Among the many problems that have emerged in federal law enforcement during Donald Trump’s second term is the campaign against key personnel. Indeed, there’s been an unsubtle campaign to purge federal law enforcement of prosecutors and FBI officials who worked on cases that the president didn’t like.
Attorney General Pam Bondi suggested in March that these efforts are ongoing — and likely to get worse. Evidently, the increasingly hyper-partisan Republican meant it. NBC News reported on the administration’s latest Friday night news dump:
At least three federal prosecutors who worked on cases against Jan. 6 rioters were fired Friday by the Justice Department, according to more than half a dozen current and former officials familiar with the dismissals. A copy of one of the dismissal letters seen by NBC News was signed by Attorney General Pam Bondi, notifying the recipient that they were ‘removed from federal service effective immediately.’ No reason for the removal was stated in the letter.

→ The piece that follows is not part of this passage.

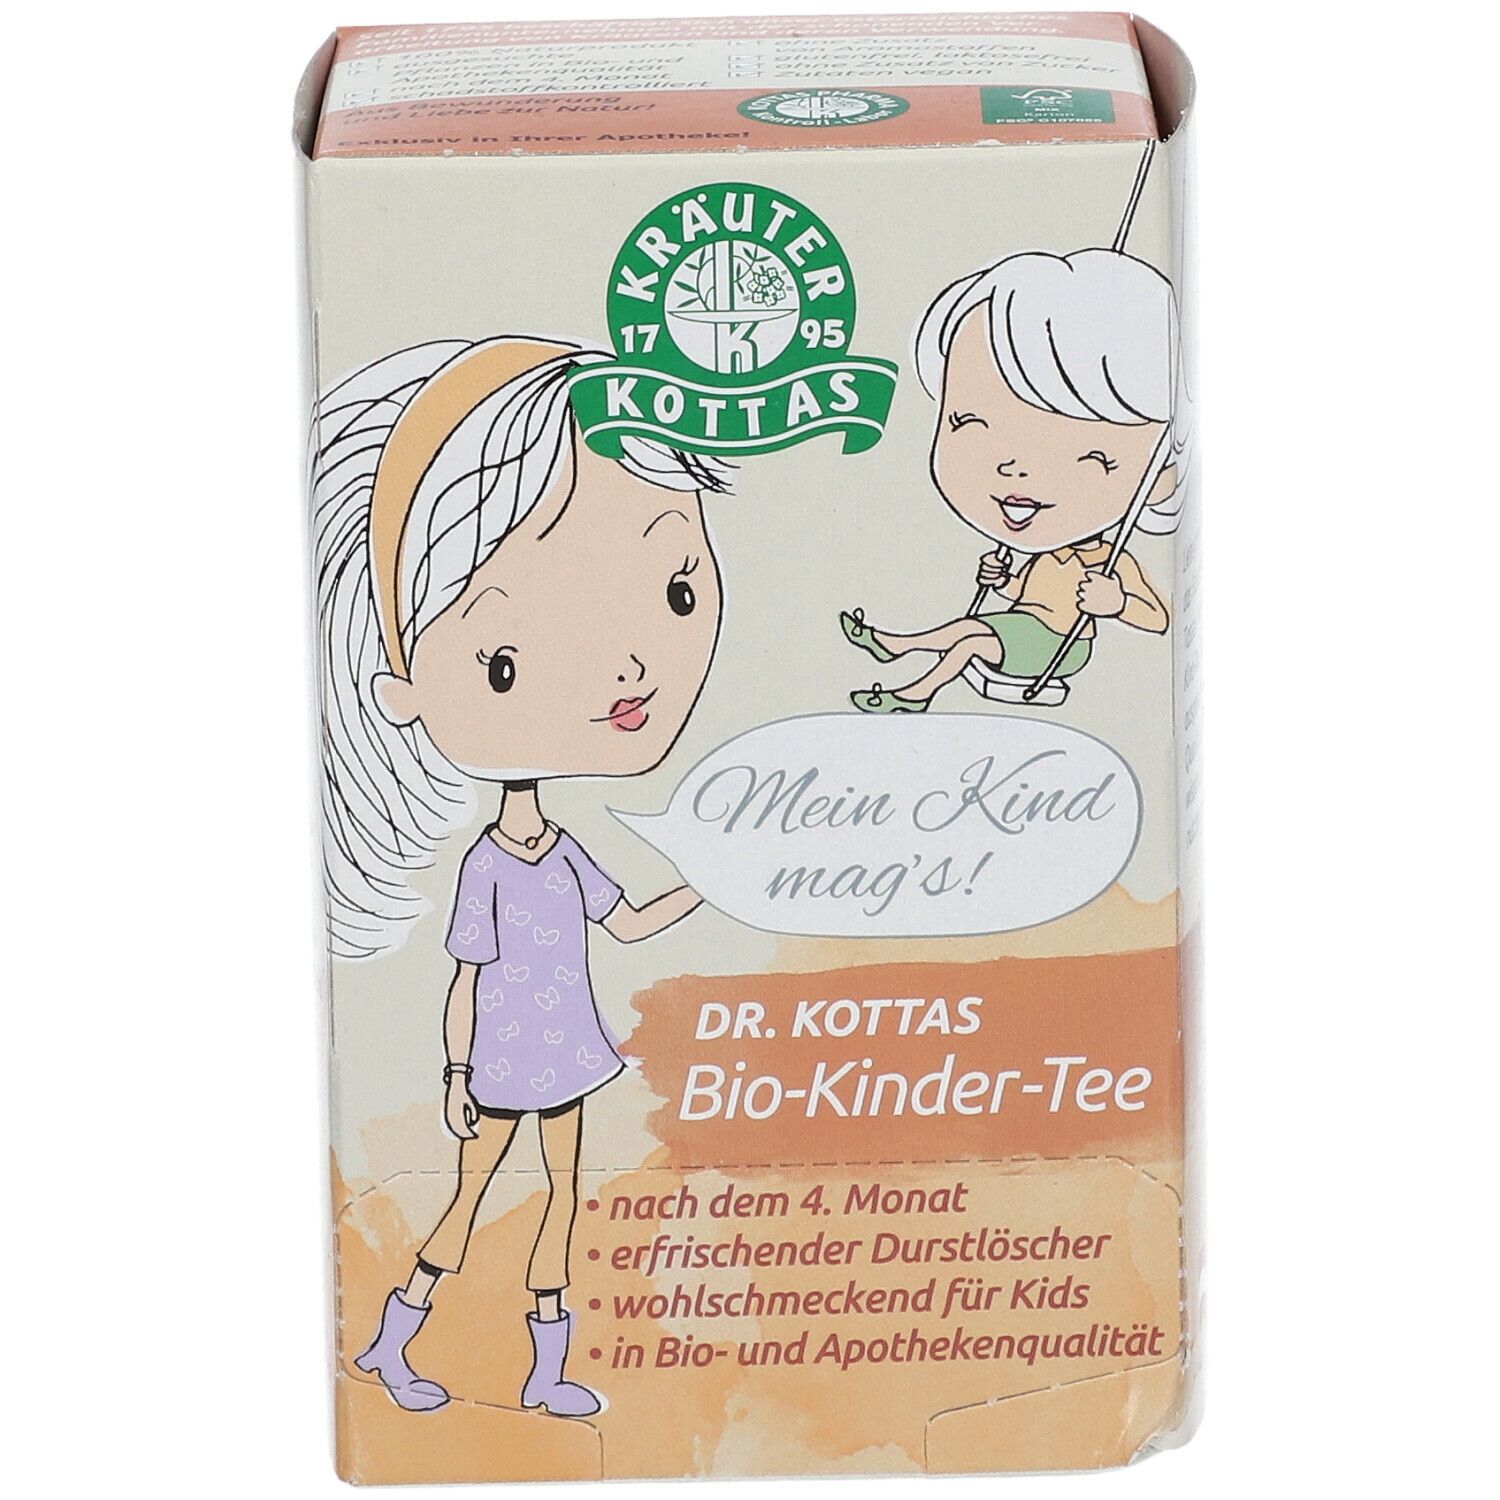 DR. KOTTAS Bio-Kinder-Tee

If these developments sound at all familiar, it’s not your imagination. Less than two weeks after Donald Trump’s second inaugural, all six of the FBI’s most senior executives and multiple heads of FBI field offices across the country were forced out of their jobs — not because they’d done something wrong, but in large part because Team Trump wanted to punish officials involved in Jan. 6 cases.
It was not the only purge of its kind. As NBC News’ report added, “The Trump administration in late January fired probationary federal prosecutors who worked on Jan. 6 cases and prosecutors who worked on former special counsel Jack Smith’s investigation into President Donald Trump. The administration also demoted some career prosecutors who worked on the Capitol siege investigation.”